'One of the blessings of my life': As Lexi Schmalz's Duke journey nears twilight, her family's Blue Devil legacy holds firm

Lexi Schmalz and her family during last season's senior celebration
Lexi Schmalz and her family during last season's senior celebration

For the vast majority of high school athletes, playing their sport at the Division-I level is a pipe dream. Just 2.97% of female high school athletes will play D-I. For men, it’s 2.13%. 
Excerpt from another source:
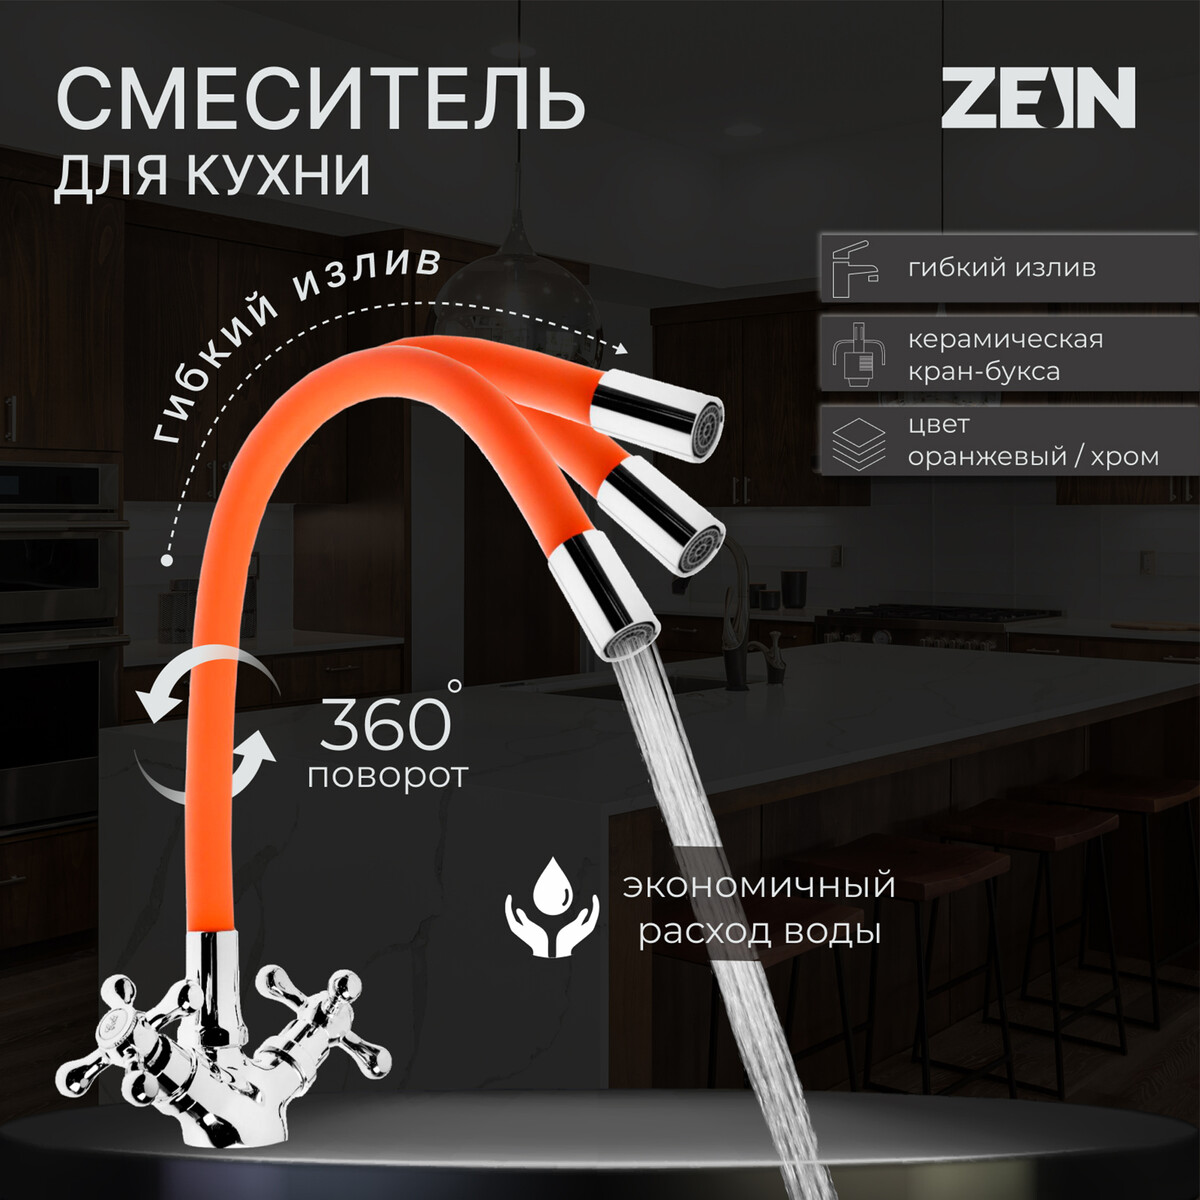 Смеситель для кухни zein z2107, двухвентильный, силиконовый излив, оранжевый/хром
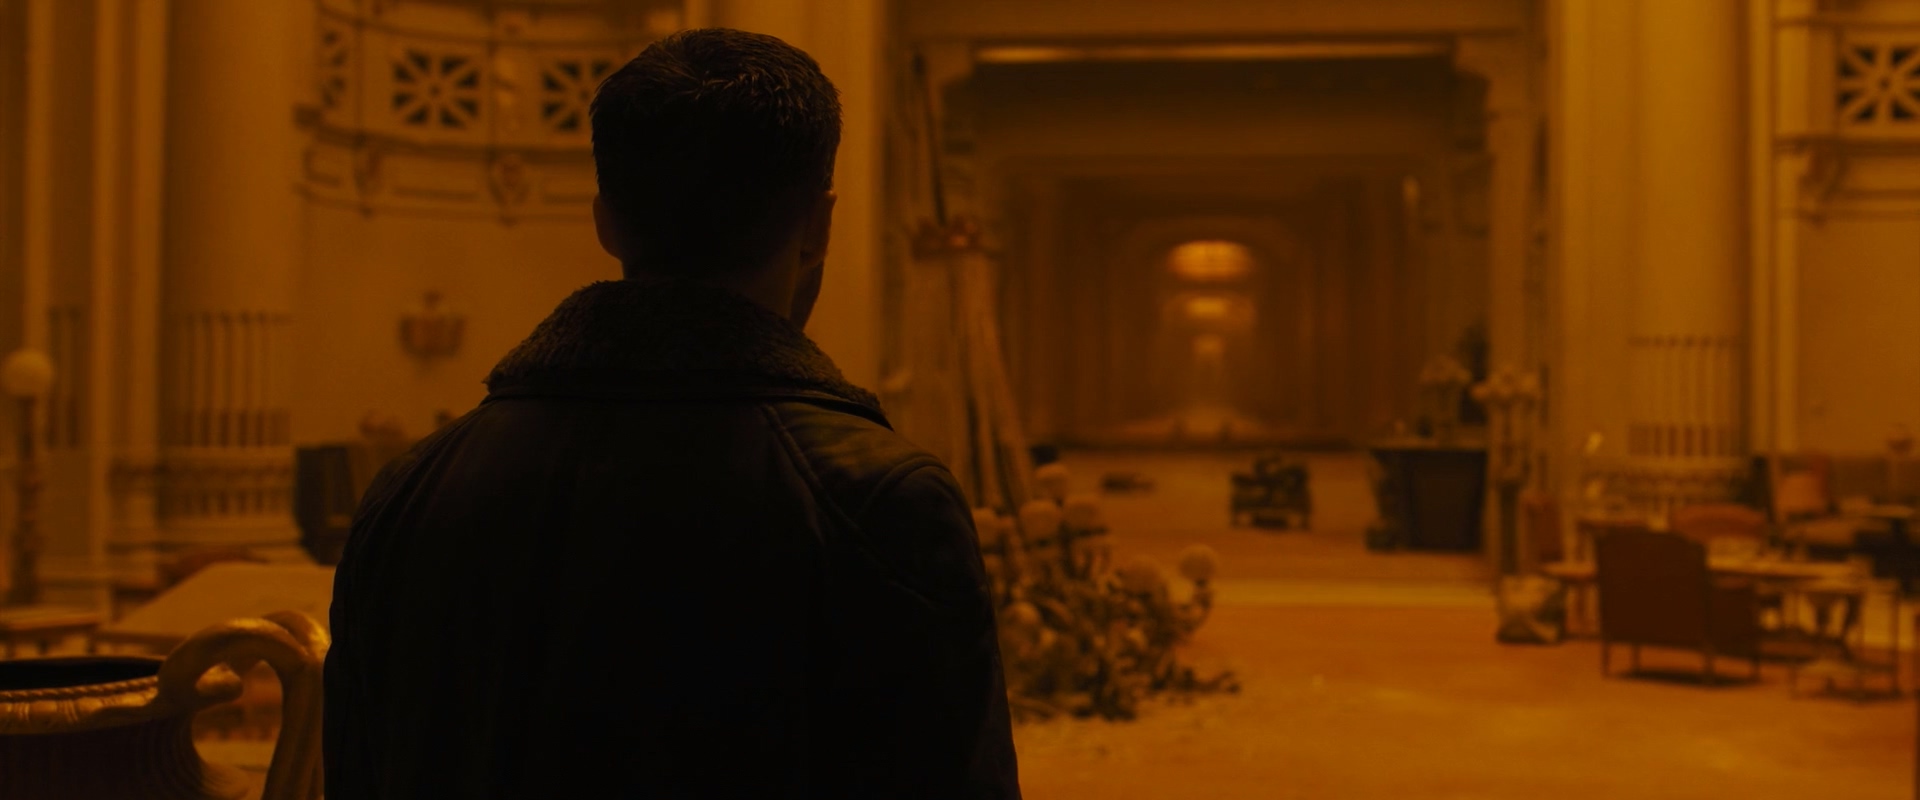 Movie Scenes Blade Runner 2049 Cyberpunk 1920x800

These statistics are from 2019. Let’s rewind. What are the odds of a high school athlete committing to play D-I men’s lacrosse in 1988? What are the odds of a high school athlete committing to run for a D-I women’s track and field team in 1988? What are the odds that these athletes, setting foot on Duke’s campus for the first time in the late eighties, would return to Durham over three decades later to drop their oldest daughter off to play lacrosse, following in her parents’ footsteps and choosing Duke to pursue her sport at the highest level? 

Ask the Schmalzes. 

Duke women’s lacrosse midfielder Lexi Schmalz has bled blue since before she was born. Her dad, Gregg Schmalz (class of 1992), was a midfielder for the men’s lacrosse team, and her mom, Magda Schmalz (also ‘92), ran for the cross country and track team. 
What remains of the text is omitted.